Hosea’s Whore

A friend was talking about Hosea last night, so when I retreated to my porch swing this morning, the book was on my mind. If you’ve never read it, it’s sad and glorious all at the same time. It is a book about God’s faithfulness, and His people’s unfaithfulness. It’s about how wayward we are, in our perpetual quest for satisfaction in things that don’t have any eternal value.

In the opening chapter, God tells His prophet, Hosea, to marry a whore. I know, right? I might have second-guessed whether I was really hearing from Him. Even though Hosea’s wife, Gomer marries a good man, she just keeps running after her illegitimate lovers. It’s not long before the reader of the text begins to understand that God is drawing parallel between Hosea/Gomer, and God/His people.

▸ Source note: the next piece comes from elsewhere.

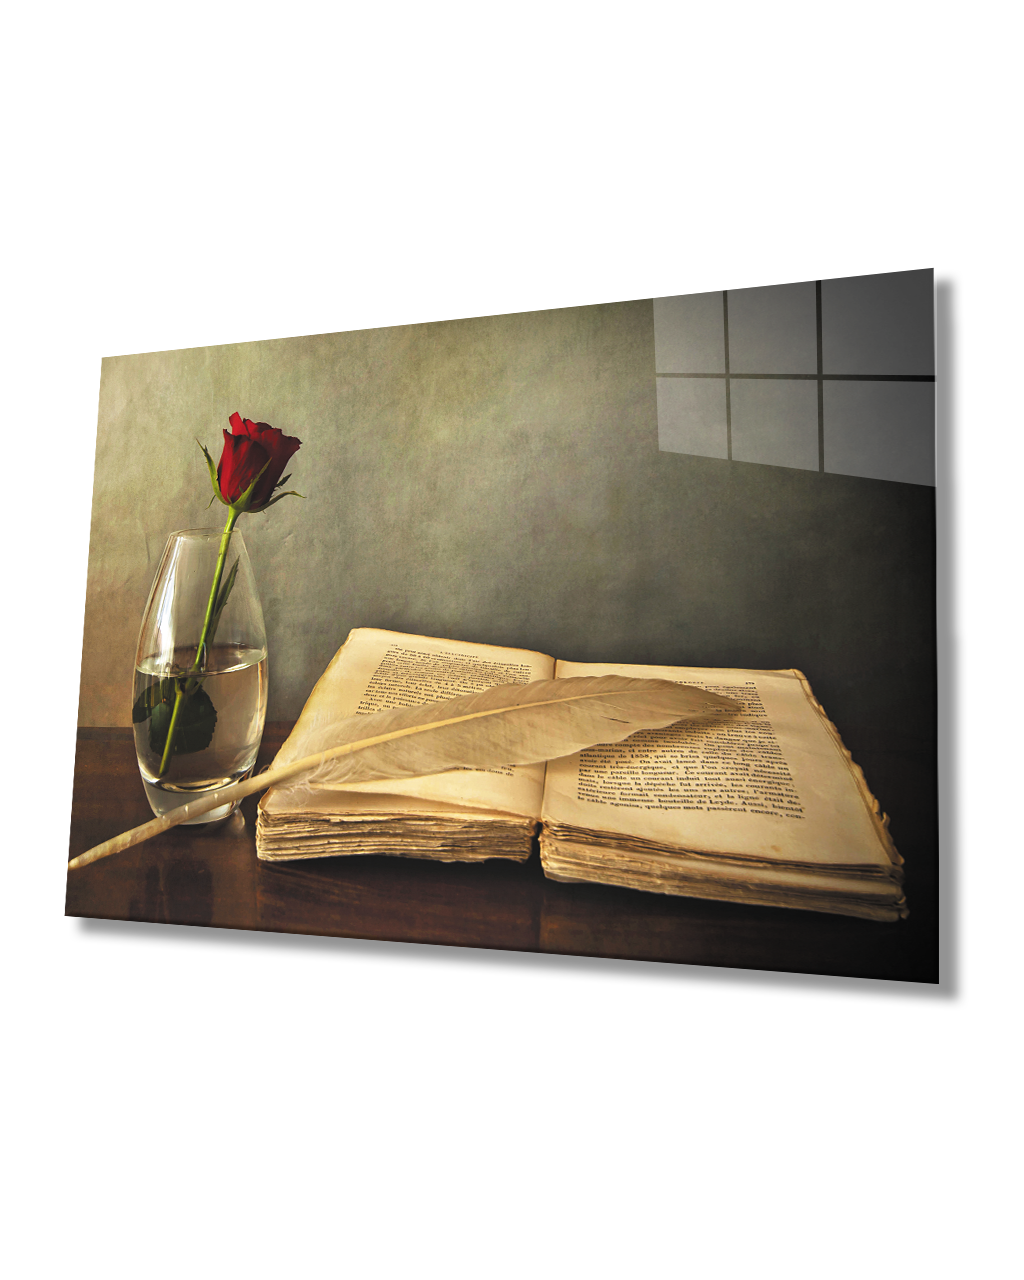 Kırmızı Gül Ve kitap  Cam Tablo  4mm Dayanıklı Temperli Cam Red Rose And book Glass Table 4mm Durable Tempered Glass

In chapter 2, the Lord, in His mercy, strips His people of all their prized possessions, then brings her/us out into the wilderness (into solitude) and speaks kindly to us, wooing us with His affection, the affection of a Bridegroom.

Chapter 2 sounds a little like 2020, doesn’t it? Like all of the stuff we’ve been trusting in suddenly gave out beneath our feet. The economy crashed, and with it our security and identity. Our entertainment industries (restaurants, sports, movie theaters, etc.) very suddenly dissipated, and we were left in quietness and contemplation. Hosea 2:11 even says “I will put an end to all her mirth, her feasts, her new moons, her Sabbaths, and all her appointed feasts.” And I am reminded that every, single music festival and craft fair was canceled this year.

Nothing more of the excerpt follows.